Isn't this const auto& redundant?
I found this code in one of Stroustrup's books:
void print_book(const vector<Entry>& book)
{
for (const auto& x : book) // for "auto" see §1.5
cout << x << '\n';
}
But the const seems redundant because x will be deduced to be a const_iterator since book is const in the parameter. Is const auto really better?
In my opinion, it looks explicit which is why it is better. So if I mean const, then I'd prefer to write it explicitly. It enhances local reasoning and thus helps others to understand the code comparatively easily — other programmers dont have to look at the declaration of book and infer that x is const as well.
Code isn't just for the compiler to read — it's also for humans to read. Conciseness is only good when it does not come at the expense of readability.
In the given code, deducing constness is immediate. With your proposed change, deducing constness would require the reader to accurately remember or review the definition of book.
If the reader is intended to be aware of constness, brevity would be counterproductive here.
It's much clearer seeing the keyword const. You immediately recognize that it's not going to be modified, if the const keyword wasn't there we wouldn't know unless we looked up to the function signature.
Using the const keyword explicitly is much better for the readers of the code.
Moreover, when you read the code below you expect that x is modifiable
for (auto& x : book) { ... }
And then when you try to modify x you'll find that it results in an error because book is const.
This is not clear code in my opinion. It's better to state in code that x is not going to be modified so that others that read the code will have their expectations right.
I'm going to take a different angle here. const and const_iterator mean completely different things.
const applied to an iterator means you cannot modify the iterator itself, but you can modify the element it points to, much like a pointer declared like int* const. const_iterator means you cannot modify the element it points to, but you can still modify the iterator itself (ie. you can increment and decrement it) much like a pointer declared like const int*.

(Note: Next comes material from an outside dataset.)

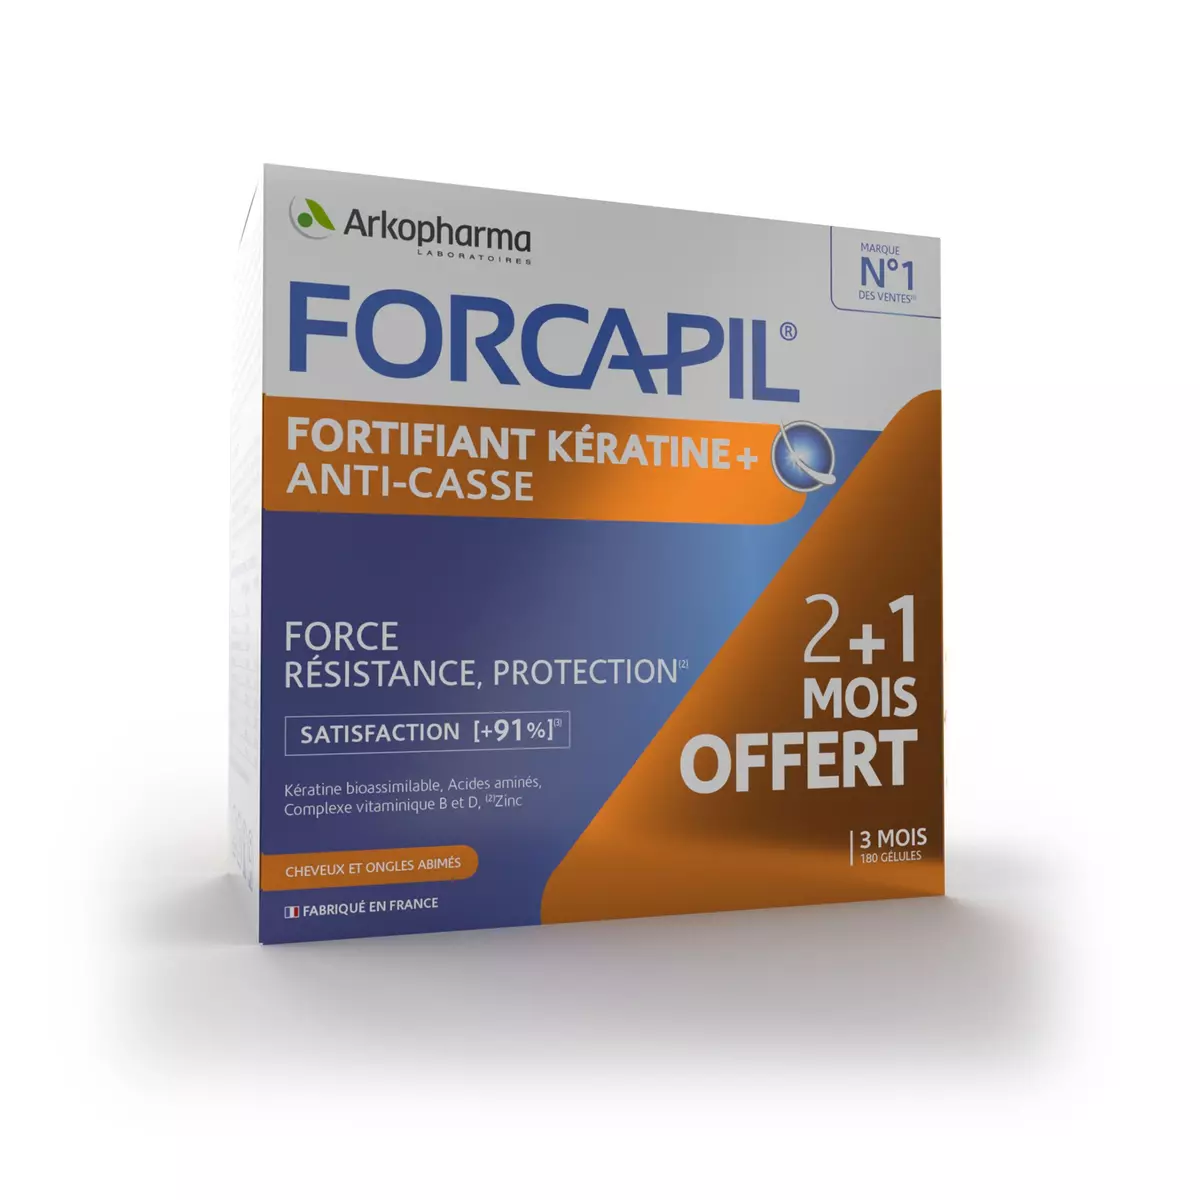 ARKOPHARMA Forcapil fortifiant kératine + anti casse Traitement de 3 mois 180 gélules

std::vector<int> container = {1, 2, 3, 4, 5};
const std::vector<int> const_container = {6, 7, 8, 9, 0};
auto it1 = container.begin();
const auto it2 = container.begin();
auto it3 = const_container.begin();
const auto it4 = const_container.begin();
*it1 = 10; //legal
*it2 = 11; //legal
*it3 = 12; //illegal, won't compile
*it4 = 13; //illegal, won't compile
it1++; //legal
it2++; //illegal, won't compile
it3++; //legal
it4++; //illegal, won't compile
As you can see, the ability to modify the element the iterator points to depends only on whether it's an iterator or const_iterator, and the ability to modify the iterator itself depends only on whether the variable declaration for the iterator has a const qualifier.
Edit: I just realized this is a range for and therefore there is no iterators at play here at all (at least not explicitly). x is not an iterator and is actually a direct reference to an element of the container. But you have the right idea, it will be deduced to have the const qualifier regardless of whether one is explicitly written.